Fighter jets flew over South Korean airspace on a mission to deter North Korean attacks, a Defense Ministry official said. He spoke on condition of anonymity, citing department rules.

Residents, local officials and journalists on Yeonpyeong and four other islands were ordered to evacuate to underground shelters because of possible attacks by North Korea, Ongjin County government spokesman Won Ji-young said.

Hundreds of South Koreans living near the tense land border with North Korea were either evacuated to bomb shelters or taken to areas farther south ahead of the drills, local officials said.

On Yeonpyeong, residents filed into an underground shelter after authorities announced the drill and huddled on the floor as a South Korean soldier showed them how to use a gas mask, according to footage shot by Associated Press Television News.

"I feel the same as last Nov. 23, when North Korea fired artillery at us," said Oh Gui-nam, a 70-year-old island resident.

"My emotions are all tangled up."

"I can't exactly tell how many (shells) have been fired, some are distant and some are noisy," said Reuters journalist Kim Do-gyun, also from an air-raid shelter on the island during the drill. "The bunker is shaking and people here are worried."

The Defense Ministry said the artillery drills involved several types of weapons, including K-9 self-propelled guns, ministry spokesman Kim Min-seok told reporters, according to his office.

Ahead of the drills, South Korean President Lee Myung-bak on Monday asked all South Koreans to be more united and vigilant about North Korea.

"The highest-level of national security comes from unity among the people," Lee said in a previously scheduled meeting with home affairs officials, according to Lee's office. North Korea provokes South Korea when "our public opinion is divided," Lee said.

Breakthrough?
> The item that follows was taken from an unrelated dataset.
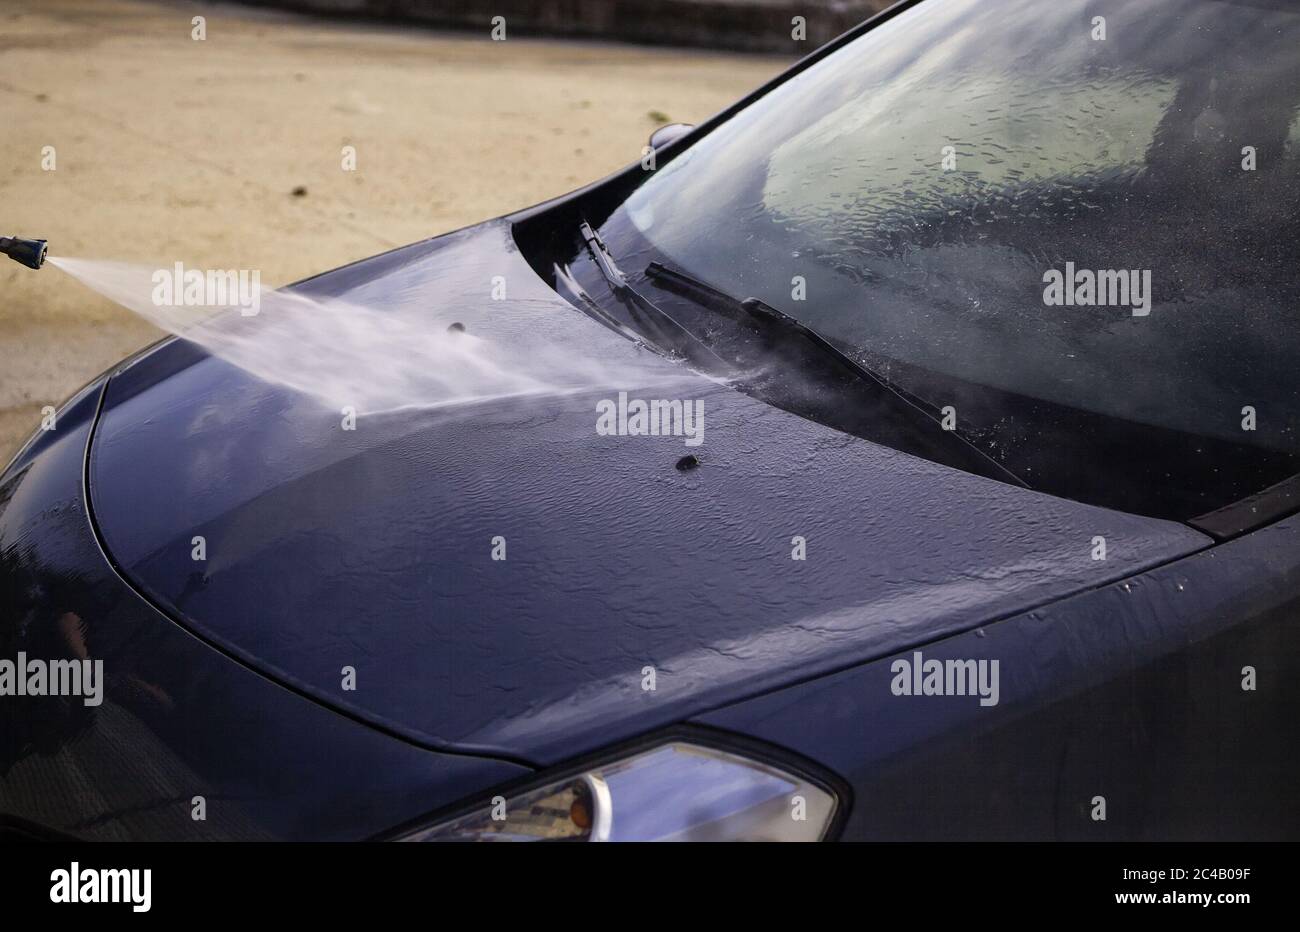 Lavaggio di un'auto con acqua pressurizzata, dettaglio di pulizia e cura, manutenzione Foto Stock

Meanwhile, Richardson, New Mexico's governor, who visiting Pyongyang to try to ease tensions, won agreement from North Korea to allow U.N. nuclear inspectors to return, according to CNN which has a team traveling with him.

Pyongyang "agreed to allow International Atomic Energy Agency personnel to return to a nuclear facility in the country and agreed to negotiate the sale of 12,000 ... fuel rods and ship them to an outside country, presumably to South Korea", CNN said, quoting correspondent Wolf Blitzer in Pyongyang.

"The North has also agreed to consider Richardson's proposal for a military commission between the United States, North Korea and South Korea as well as a separate hotline for the Koreas' militaries."

The South Korean Foreign Ministry said it could not confirm the agreement.

"We do not have the specific details yet, so it is too early to make an official evaluation," a spokesman said.

Richardson was visiting in an unofficial capacity, the traditional means of communication between the two sides, but it was unclear whether the reported agreement would ease tensions, particularly given Pyongyang's poor record of honoring deals.

North Korea expelled inspectors in April 2009 after ripping up a previous disarmament-for-aid agreement.

North Korea expert Kim Yong-hyun of Dongguk University said the proposed sale of fuel rods would indicate Pyongyang was offering to shut down its plutonium-based nuclear program, which bringing back inspectors would also indicate.

"It means that they are prepared to give up, at least in part, the plutonium program, which has been the source of the fuel rods they came up with," he said. "It would be considerable progress, if true."

However, North Korea last month unveiled major technical progress in uranium enrichment, suggesting another reason it could be willing to end the plutonium program.

No agreement at U.N.
The U.N. Security Council failed Sunday to agree on a statement to address rising tensions on the Korean peninsula.

U.S. Ambassador Susan Rice said the United States and other council members demanded that the council condemn North Korea for two deadly attacks this year that have helped send relations to their lowest point in decades. But diplomats said China strongly objected.

After eight hours of closed-door consultations Sunday, Russia's U.N. Ambassador Vitaly Churkin, who called the emergency council meeting, told reporters "we were not successful in bridging all the bridges."

Although some countries still need to consult capitals, Rice said "the gaps that remain are unlikely to be bridged."